Usually, it is heretical rather than orthodox positions that are given well-known names.  If the doctrine that grace is needed to be worthy of salvation has a name I am unfamiliar with it, but everyone knows the contrary position is called “Pelagianism”.  I am similarly unfamiliar with names for the components of Chalcedonian orthodoxy numbering Christ’s person and natures, but everyone knows the alternatives are called “Nestorianism” and “Monophysitism”.

So we should not be surprised that although Catholics have very definite doctrines on relative social and presumed moral status (henceforth simply “status” because status and moral reputation are always relative to others–“everyone is a sinner” completely negates the social force of “X is a sinner”), these doctrines do not have names, but their contraries do.  The doctrines are as follows

  1. Non-Catholic > Catholic
  2. Laity > Clergy

These statements are usually not given names, but their contraries are called “triumphalism” and “clericalism”, and they are excoriated as the worst enemies of proper thinking, just as Chalcedonian Catholics said about Nestorianism and Monophysitism.

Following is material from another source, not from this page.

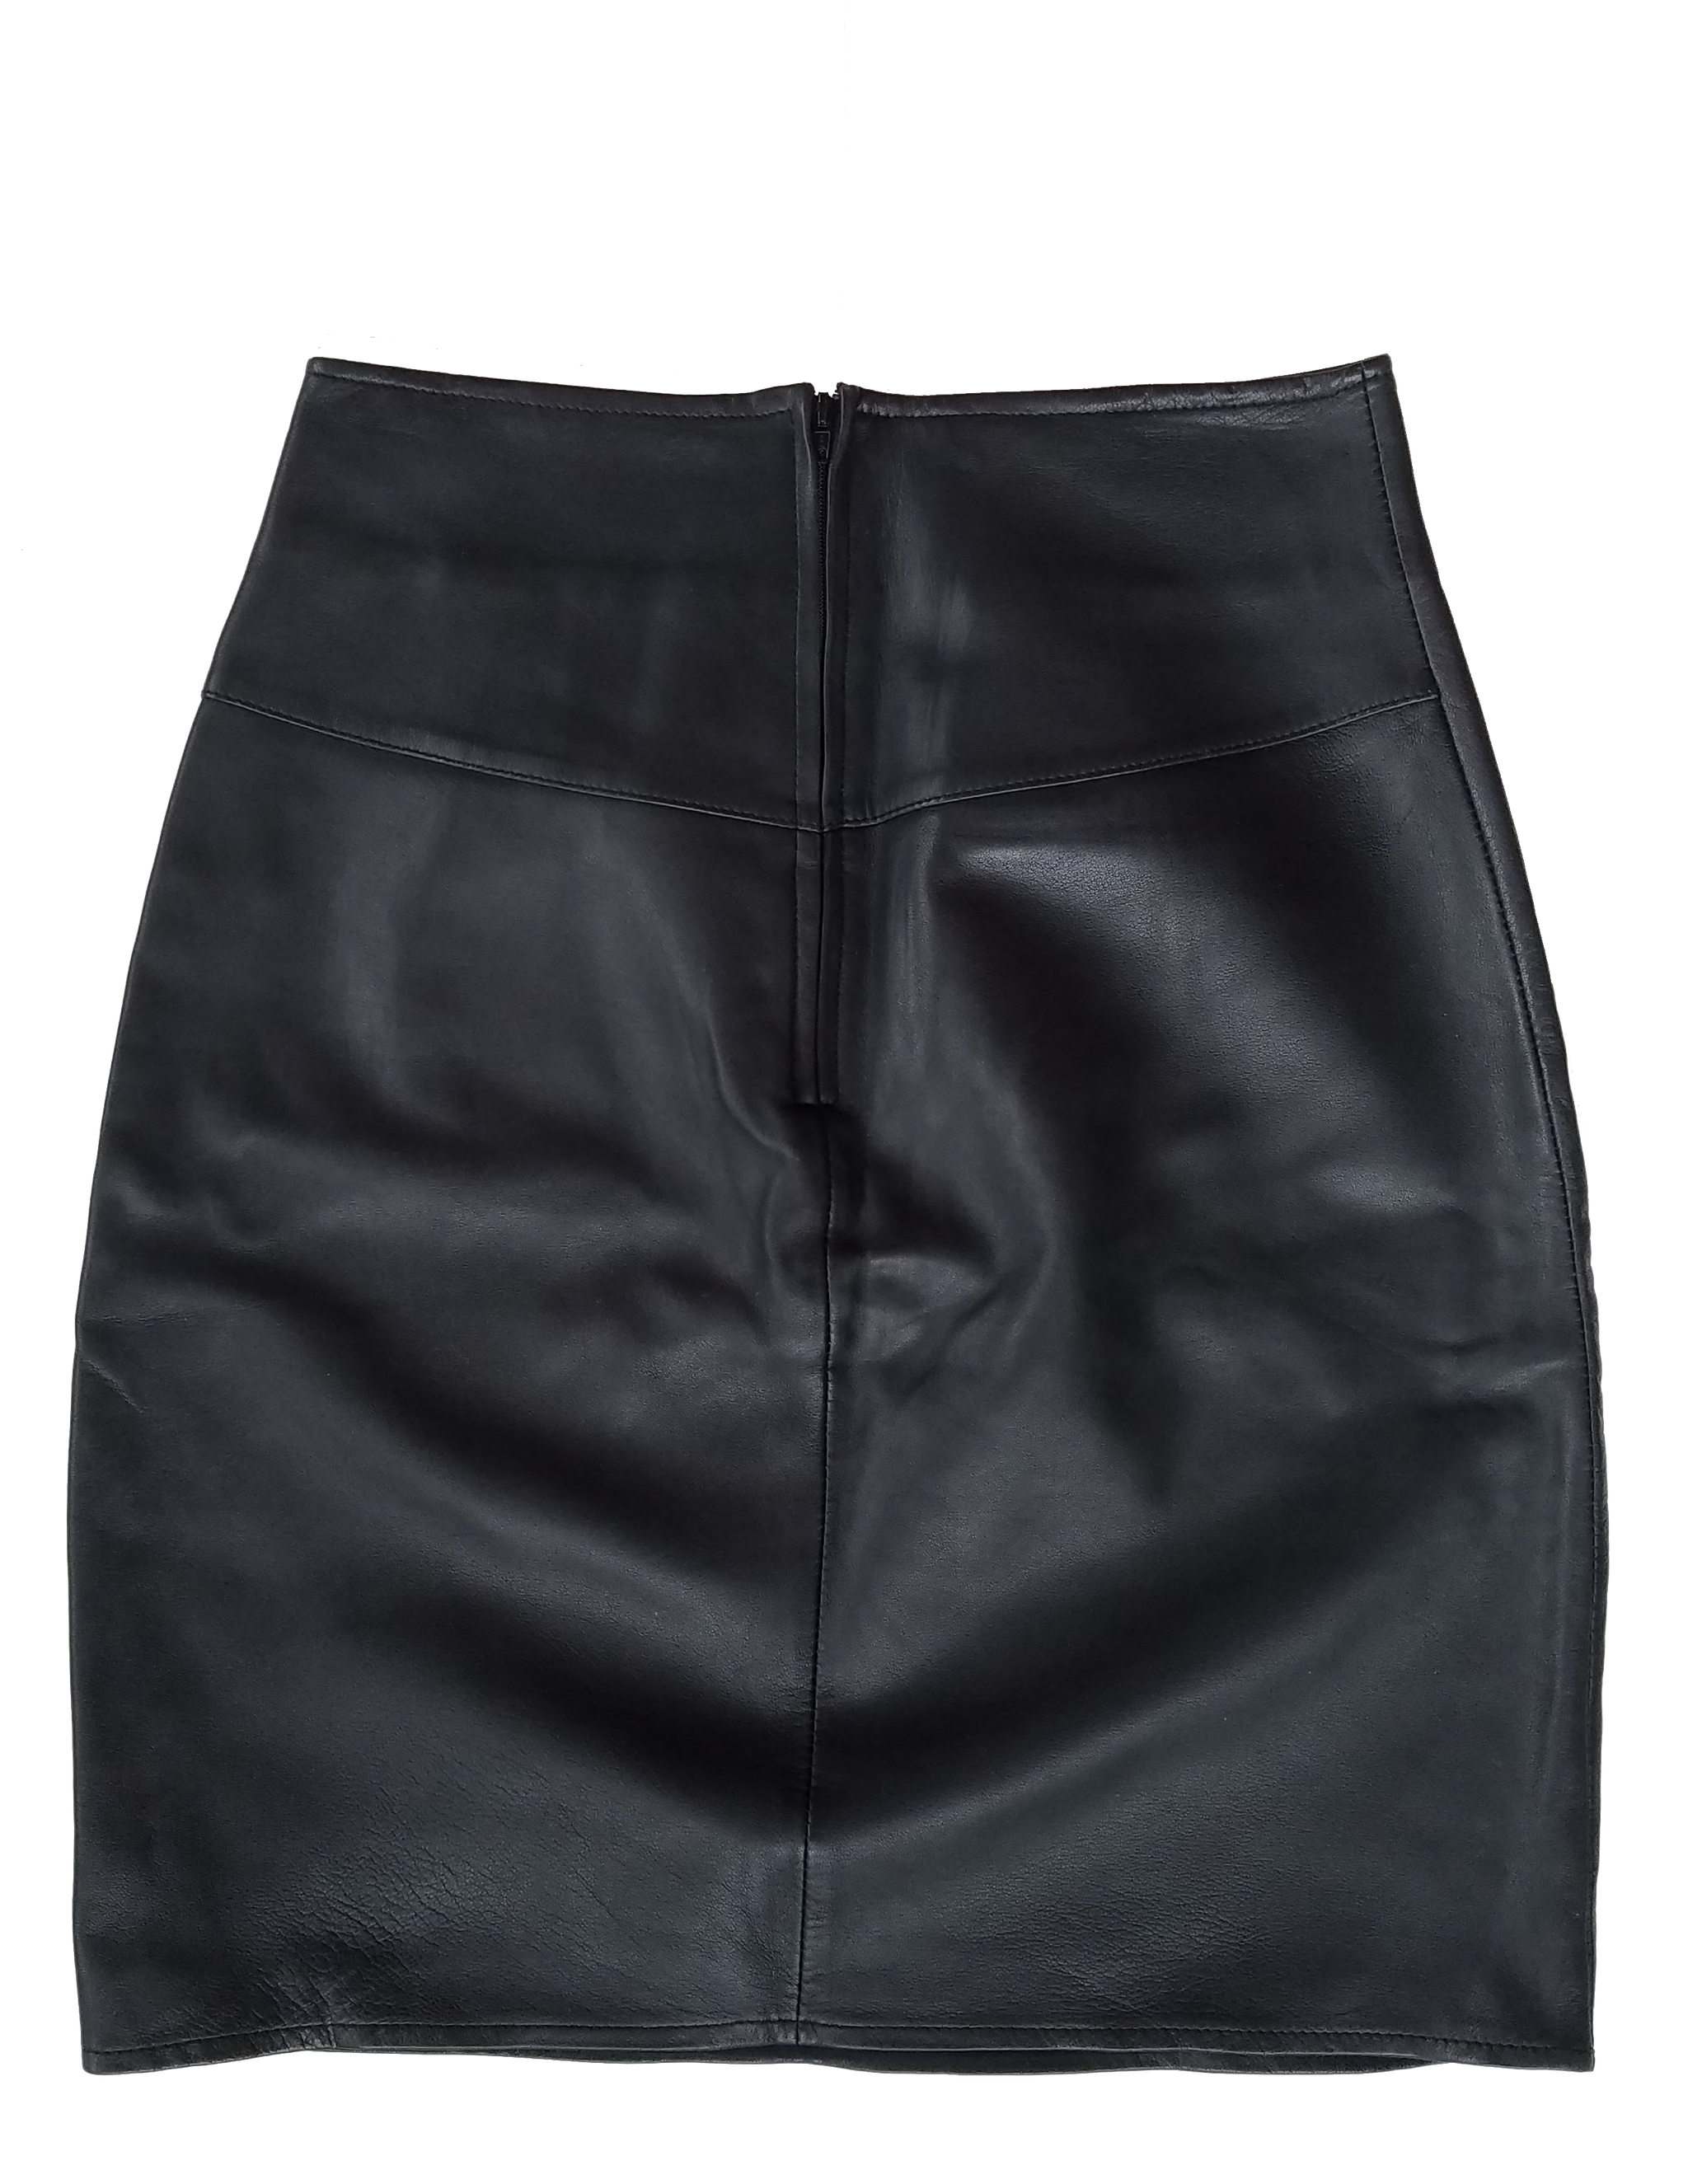 Vintage 90's Black Leather Mini Skirt

People are always presenting “proofs” of the two laws.  They are always of the following form.  Some Catholics/priests do bad things.  Therefore Catholics/priests are inferior to non-Catholics/laity.  Absolutely never is there the slightest attempt to compare with a fair non-Catholic/lay control group:  an equal number of people over the same block of time in similar circumstances.  This is the sure sign of bigotry at work.  Never is an argument made against my tribe that couldn’t just as well be used to prove the inferiority of people whose last names begin with the letter “A”, or whatever.

The practical consequences of the first law (against “triumphalism”) are as follows.  Catholics must never claim to be always or as a rule better in any way than non-Catholics, but it can routinely be claimed that many (by implication, most) non-Catholics are better than Catholics.  When non-Catholics accuse Catholics of moral failure, Catholics may not defend themselves; they must always apologize.  Remember how John Paul II apologized for the Chinese Church to her very persecutors?

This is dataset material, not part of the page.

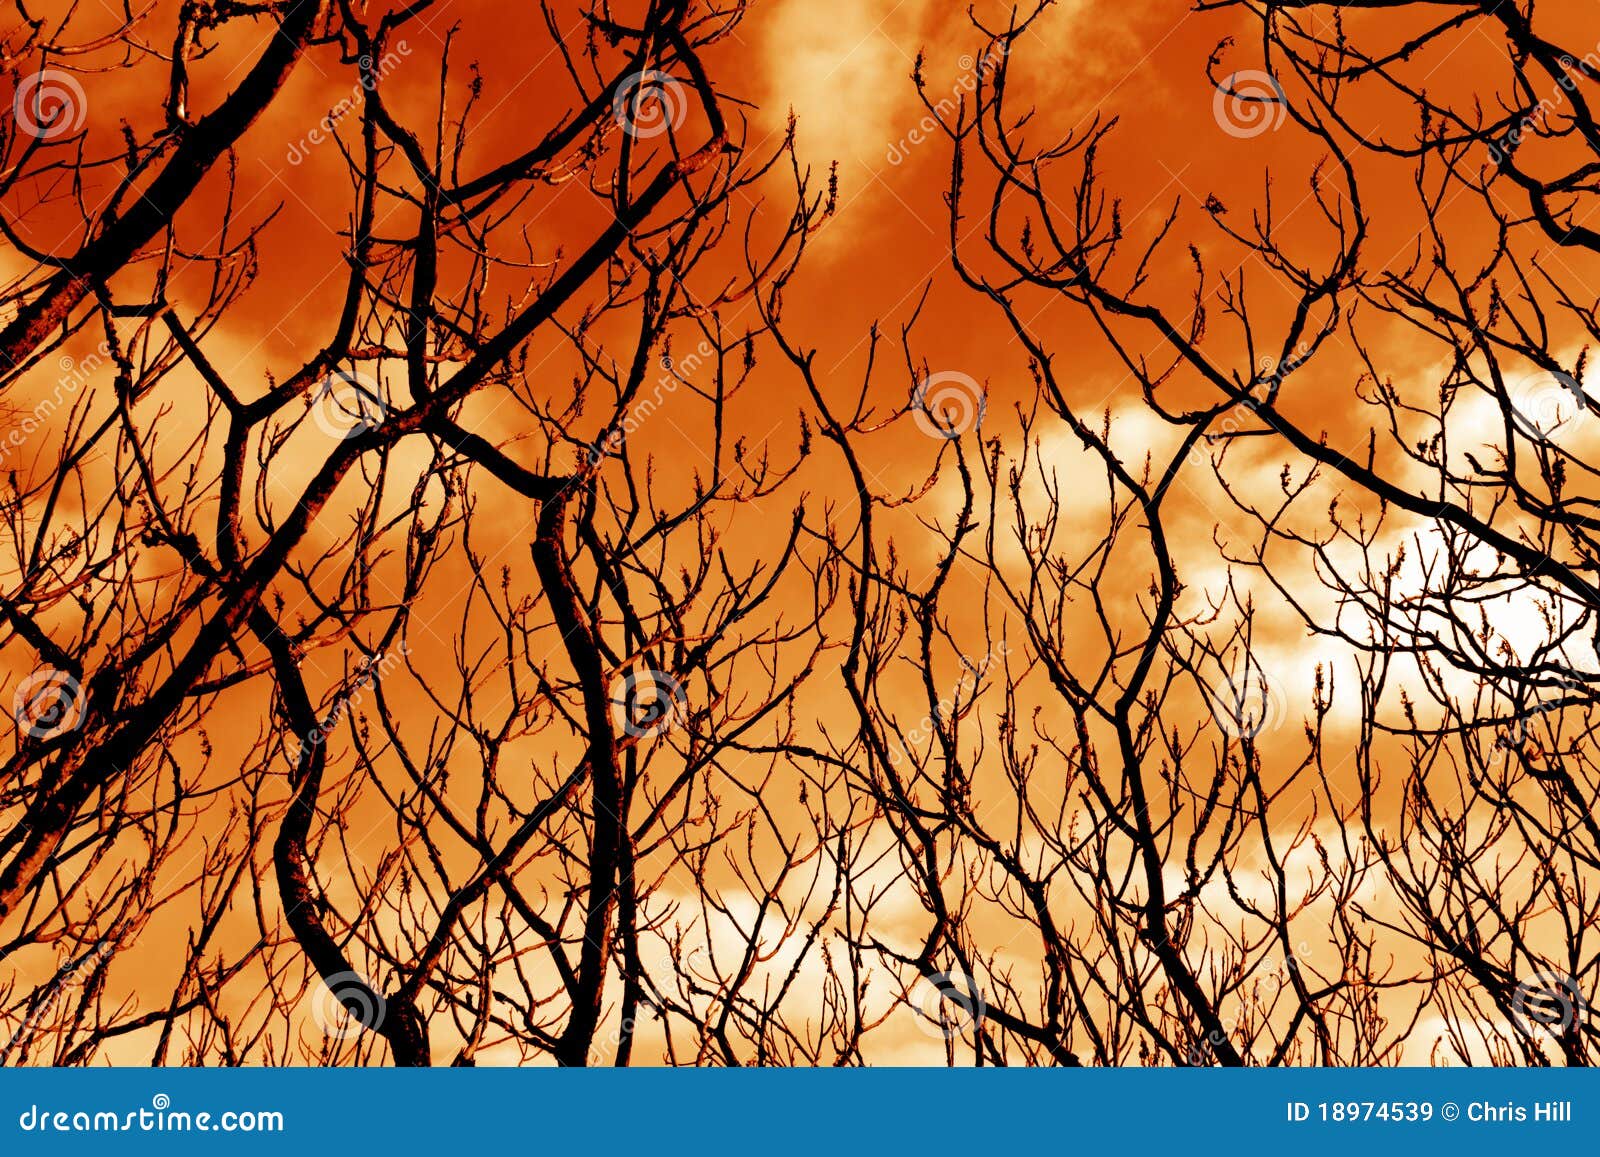 ominous barren tree branches

The very fact that non-Catholics reject the faith is said to be the fault of Catholics giving scandal against the unbelievers’ more finely-honed moral sensibilities.  Thus, even our virtue which differentiates us from the unbelievers (faith is a virtue–look it up) is taken as evidence of our moral deficiency.  What’s the matter with us that we’re not scandalized by each other enough to apostasize?  The practical consequences of the second law against “clericalism” are analogous.  As the most visible Catholics–those who have volunteered to let their lives become a living hell as punching bags for the anti-Catholic world–priests, bishops, and religious must be particularly wicked people.

As recent events indicate, clergy never stick up for the laity, and laity never stick up for the clergy.  We prove our faith in Christ by our faithlessness to each other.